Instructions to follow:
Word for word, restate the lines of the listing below from the line with "3872px - idols" through the line with "Daniel Island Smythe", and do not include the pictures.

Records:
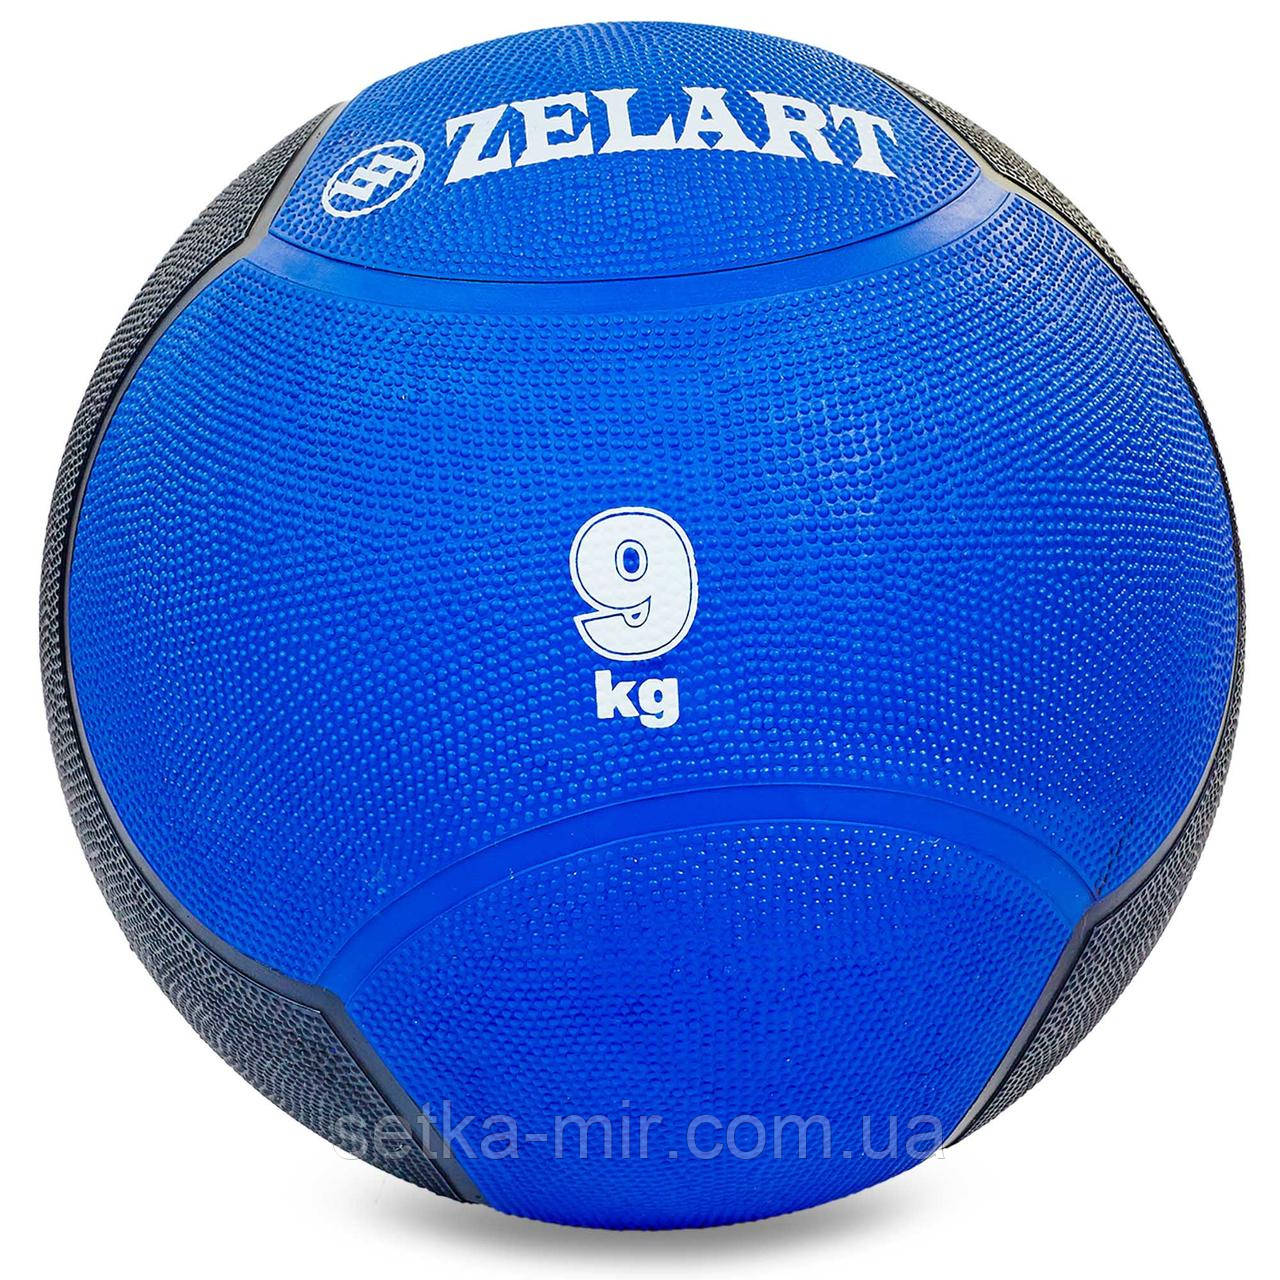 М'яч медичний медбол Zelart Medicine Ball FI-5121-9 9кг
---
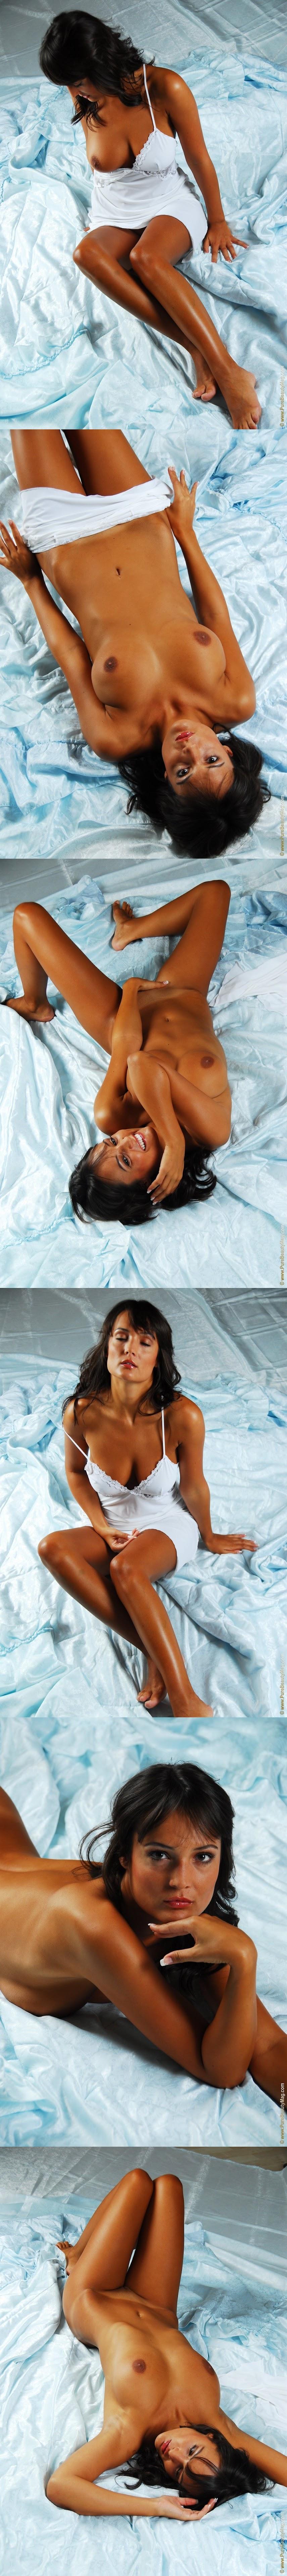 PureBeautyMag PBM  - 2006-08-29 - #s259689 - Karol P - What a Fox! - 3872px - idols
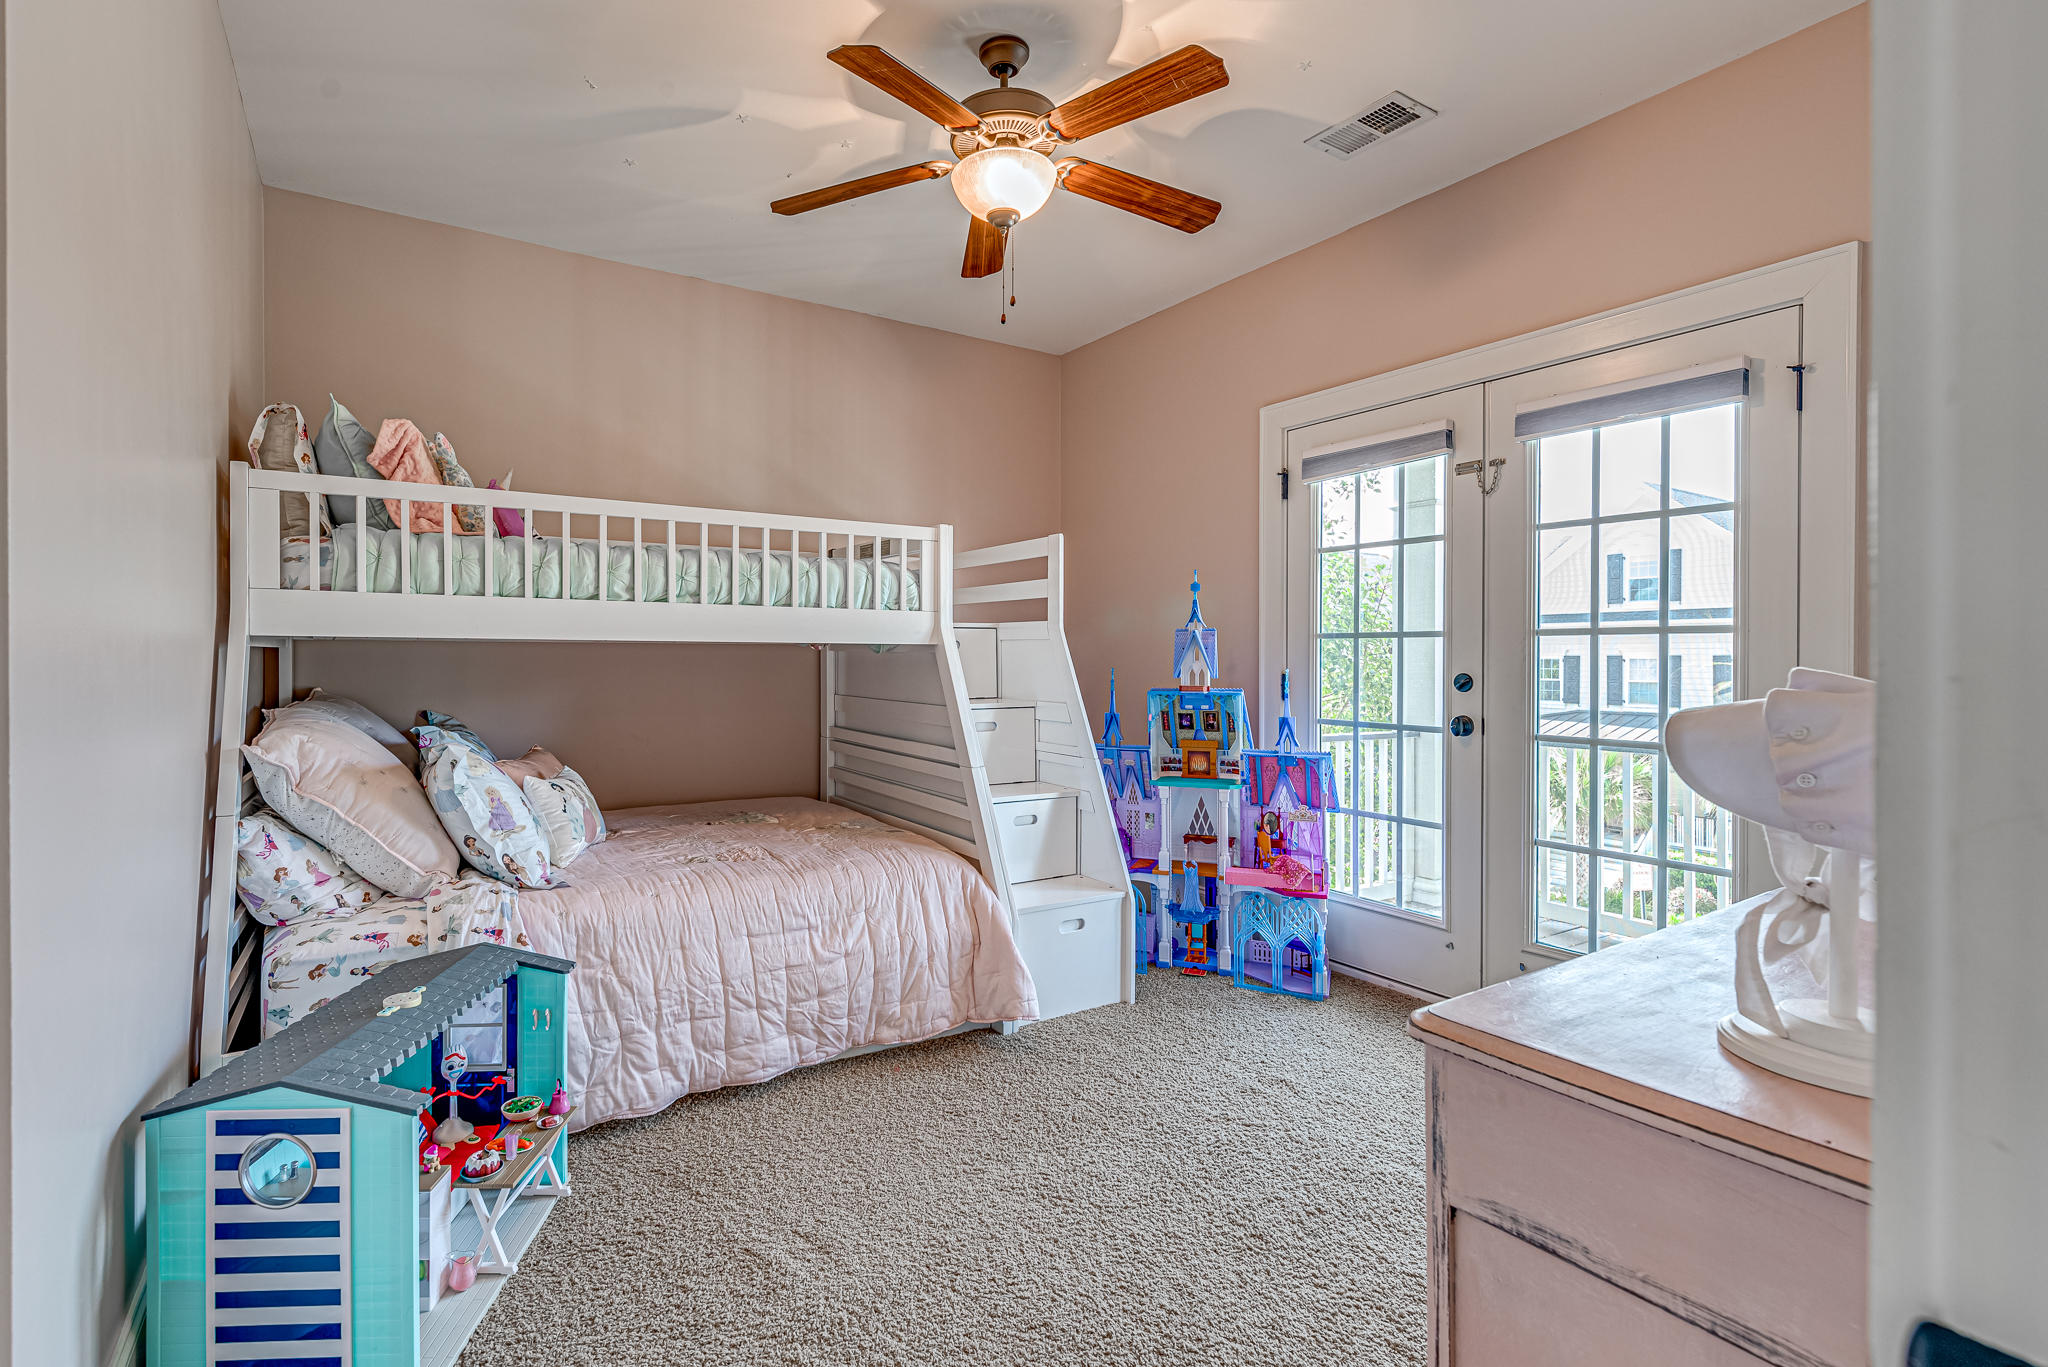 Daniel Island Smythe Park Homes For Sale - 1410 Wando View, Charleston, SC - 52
--
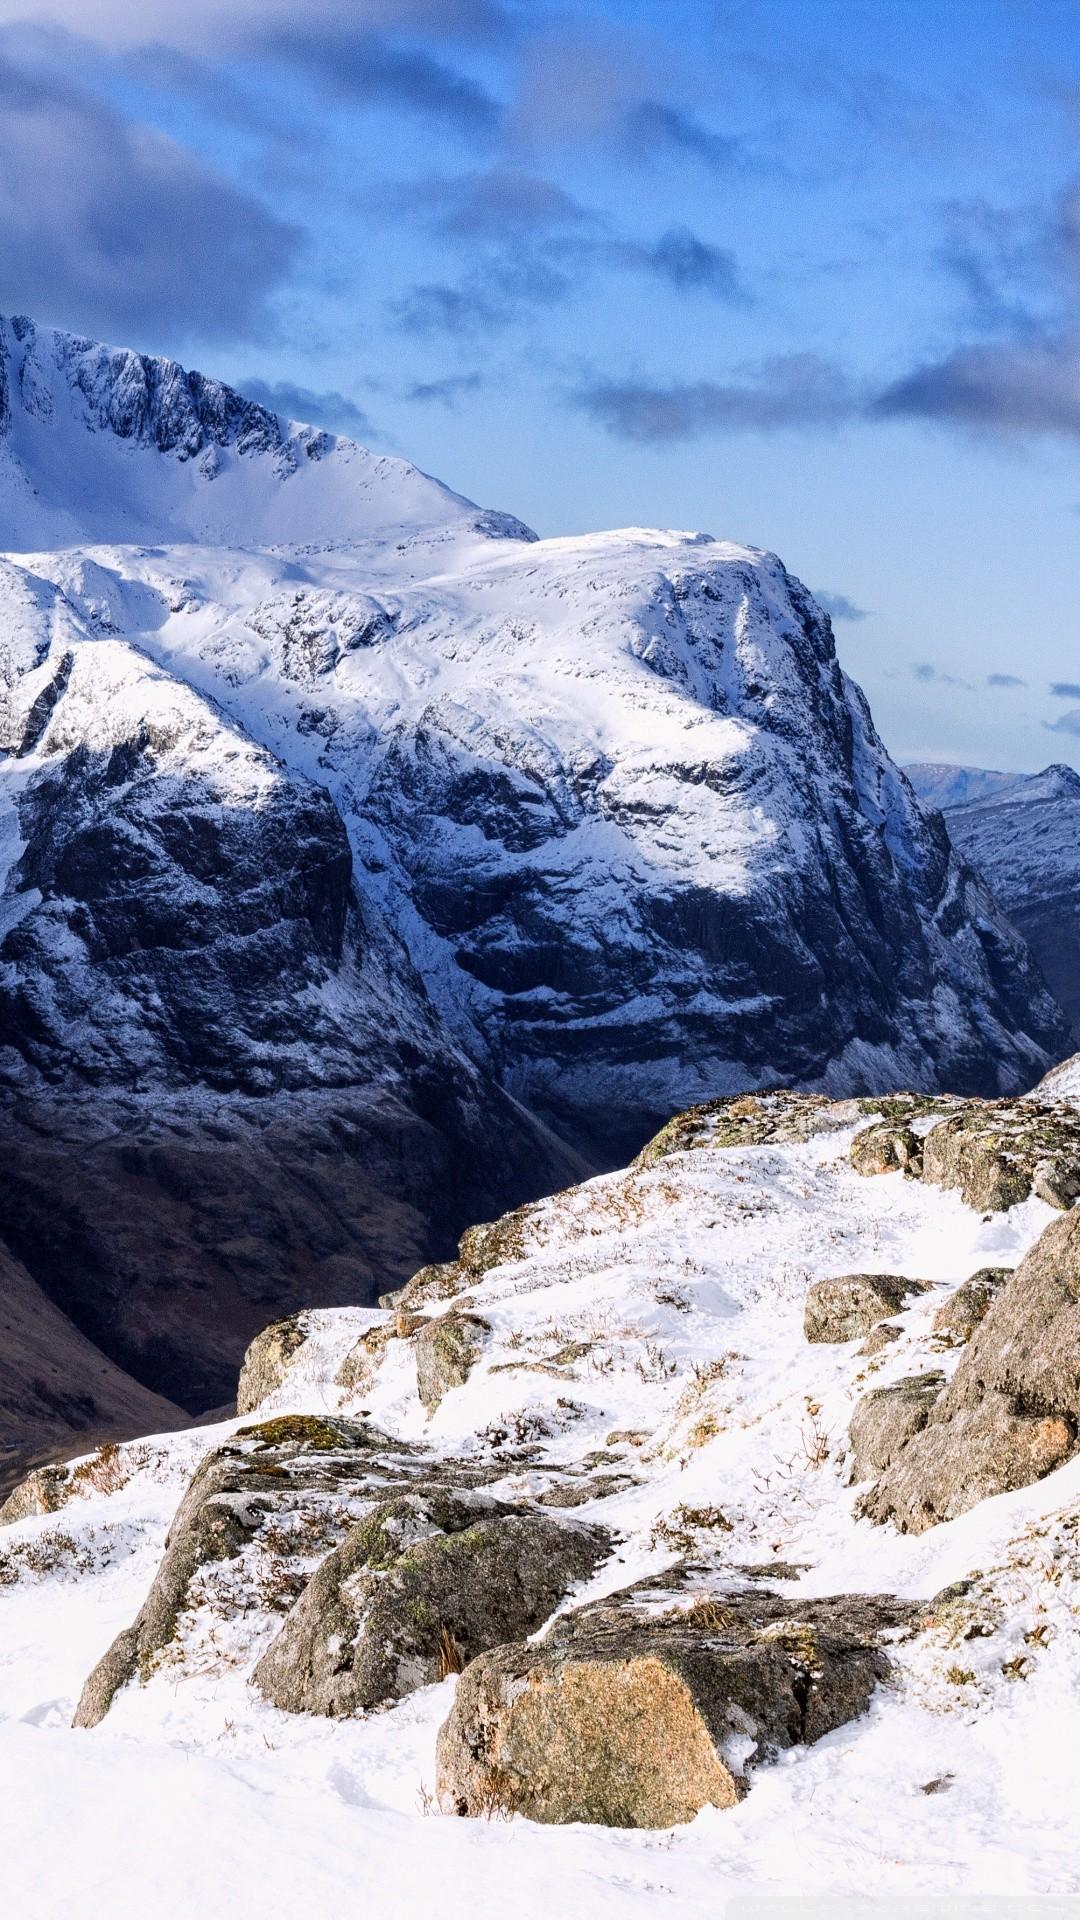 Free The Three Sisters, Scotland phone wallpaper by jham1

Written response:
 PureBeautyMag PBM  - 2006-08-29 - #s259689 - Karol P - What a Fox! - 3872px - idols
 Daniel Island Smythe Park Homes For Sale - 1410 Wando View, Charleston, SC - 52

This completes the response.